Due to the nonlinear deformation of the nonrigid and nonuniform biological tissues, it is difficult whereas important to correctly match a number of feature points distributed somewhat uniform in the tissues from MR images for deformation measurement. In this paper, the authors present TPS-SURF-SAC matching method and mismatching elimination method based on TPS clustering. Firstly the matching region is identified by a TPS for every query point. Then the SURF descriptors and the proposed Spatial Association Correspondence (SAC) method are combined to match the feature points. Finally, using clustering the coordinate differences between the matching points obtained using TPS-SURF-SAC method and the matching points matched by TPS model, most of wrong match points are eliminated. After every iterative processing of matching and mismatching elimination, the updated TPS model becomes more accurate and more correctly matched points can be identified than that of the previous iteration. The experimental results showed that the proposed method outperformed the single SURF and SIFT methods.
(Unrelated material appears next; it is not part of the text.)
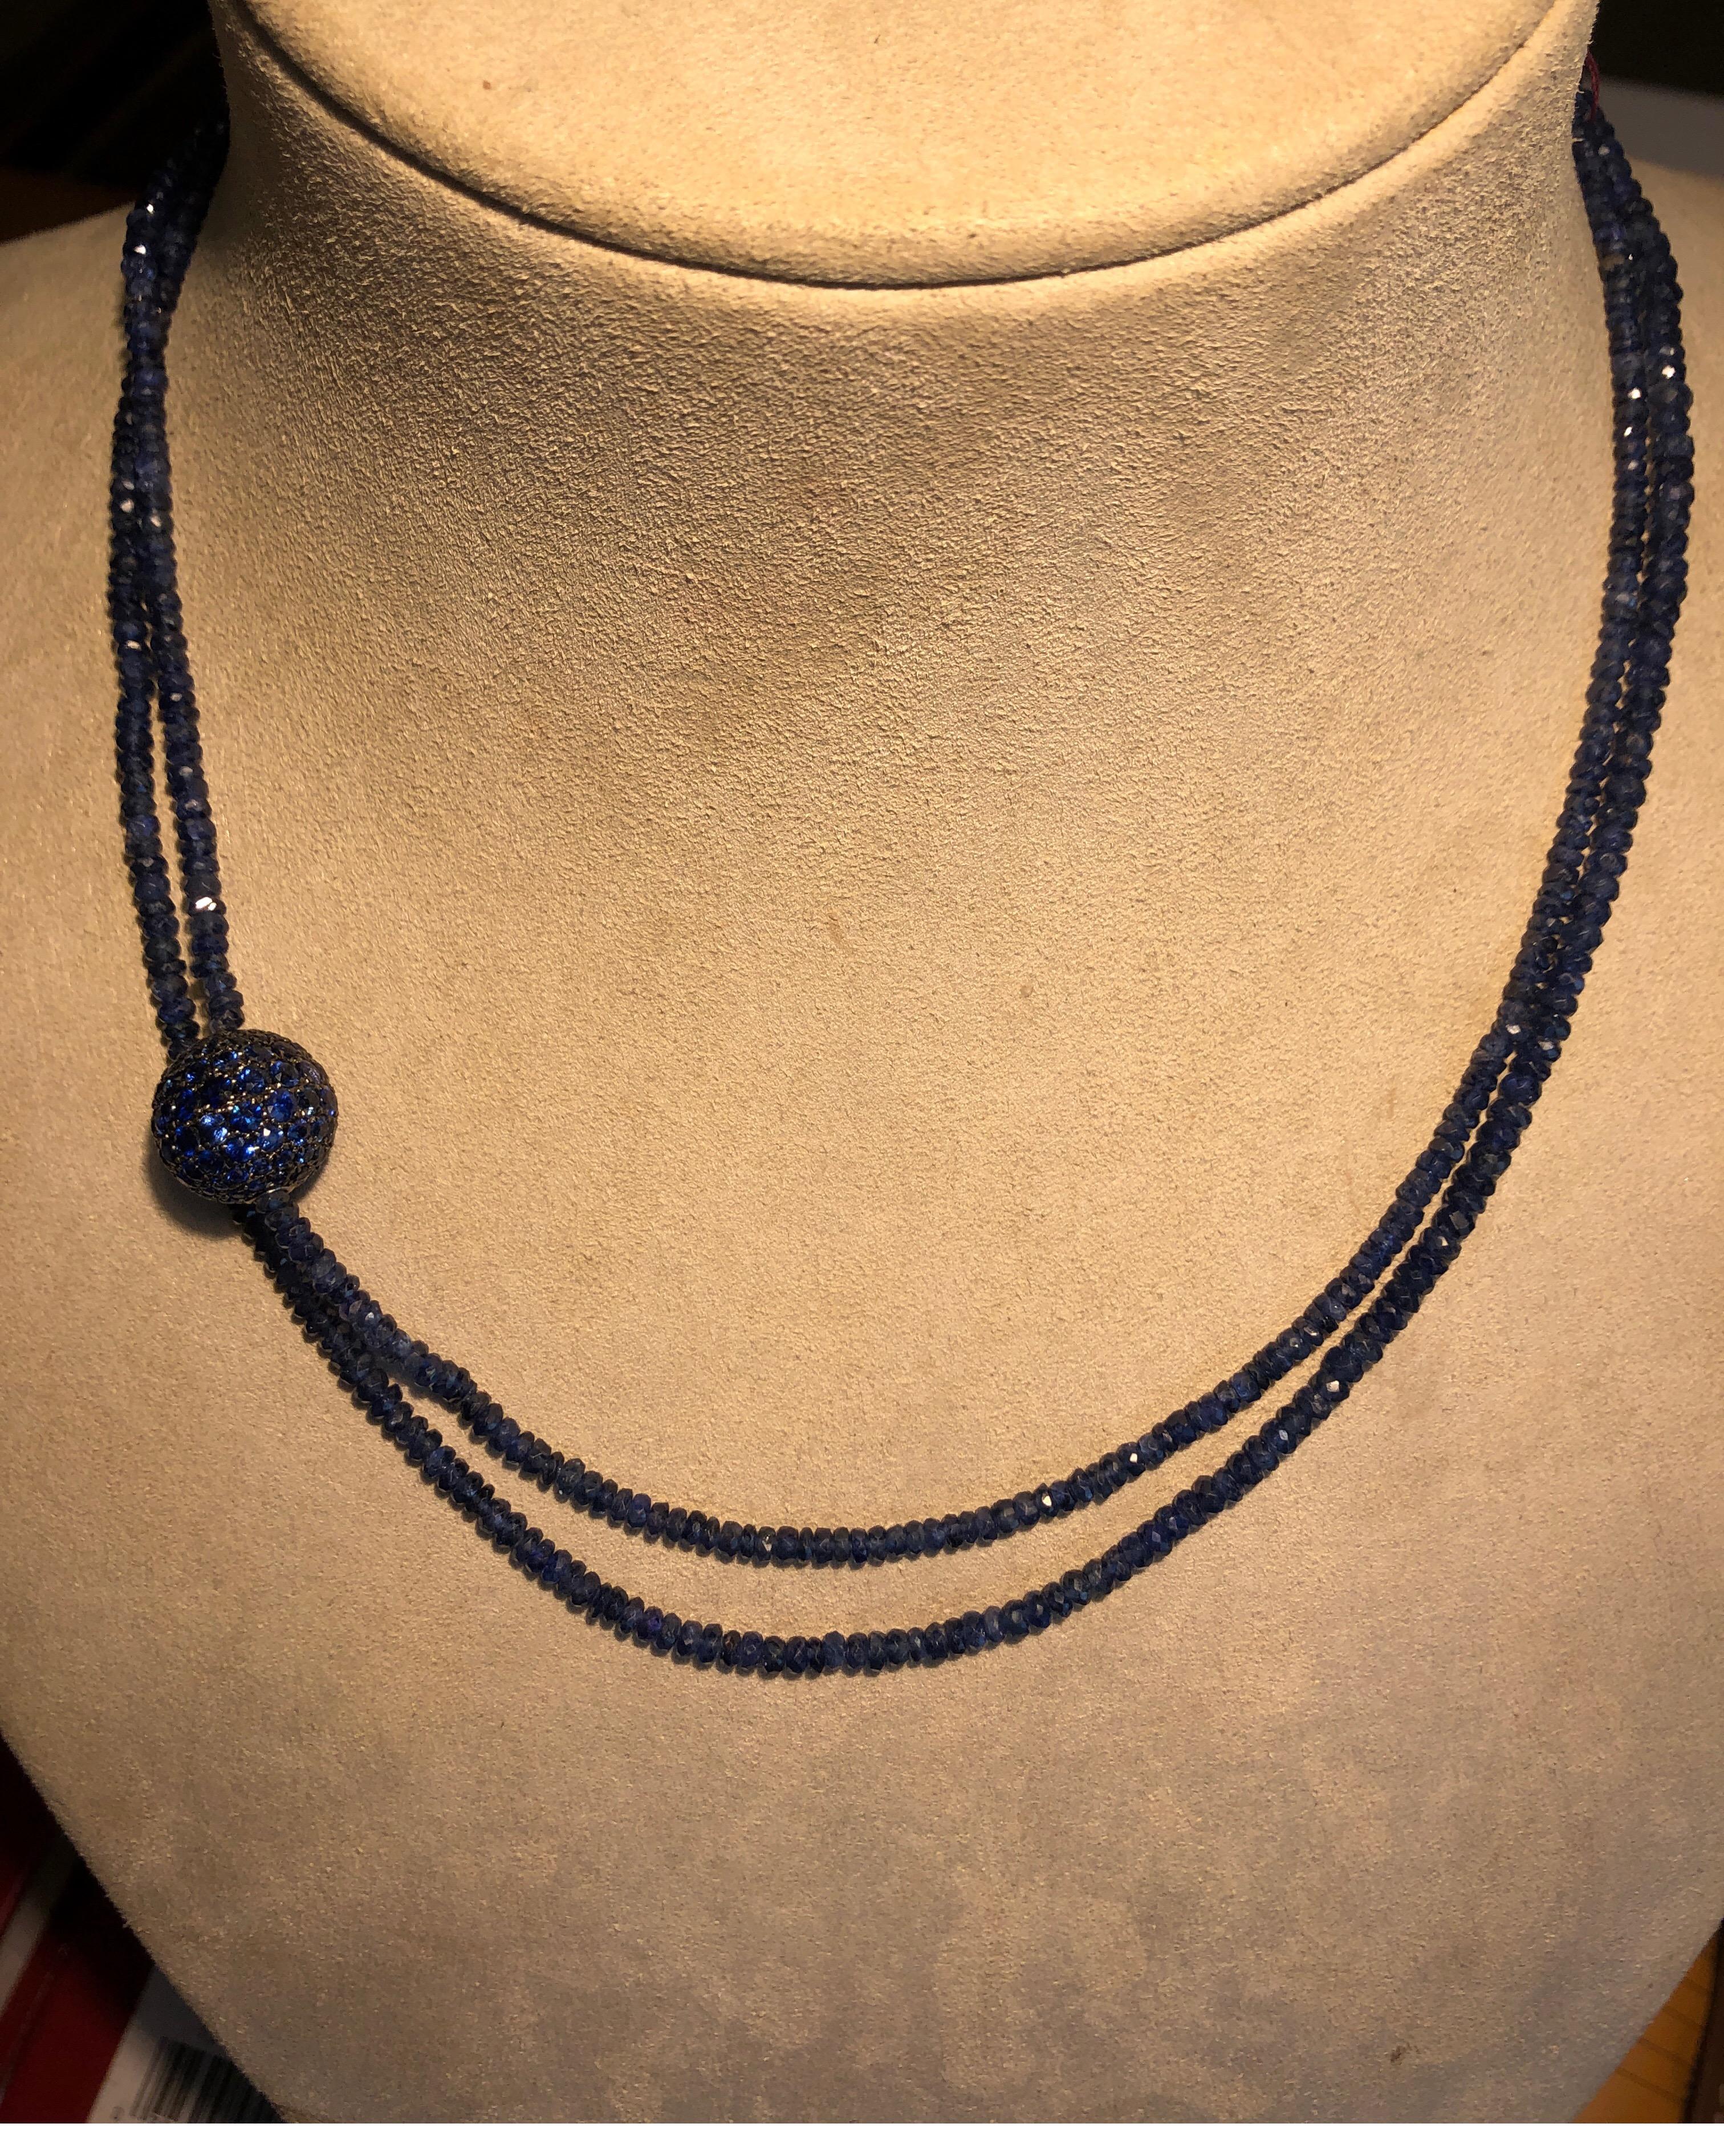 collier en or blanc 18 carats avec des perles de saphir bleu brut et une boule décorative de saphir bleu de 13 mm, peut être porté long ou doublé, 38 pouces de long.
Dernier prix de vente 8000

特征点TPS-SURF-SAC匹配方法在MR图像非刚性组织变形测量中的应用
由于非刚性和非均匀生物组织的非线性变形,从MR图像中正确匹配组织中分布较为均匀的多个特征点进行变形测量是困难而又重要的。本文提出了基于TPS聚类的TPS- surf - sac匹配方法和错配消除方法。首先,对每个查询点使用TPS识别匹配区域;然后结合SURF描述符和空间关联对应(SAC)方法进行特征点匹配。最后,对TPS- surf - sac方法得到的匹配点与TPS模型匹配的匹配点之间的坐标差进行聚类,消除了大部分错误匹配点。经过每一次匹配和消错的迭代处理,更新后的TPS模型比前一次迭代更加准确,能够识别出更多正确的匹配点。实验结果表明,该方法优于单一的SURF和SIFT方法。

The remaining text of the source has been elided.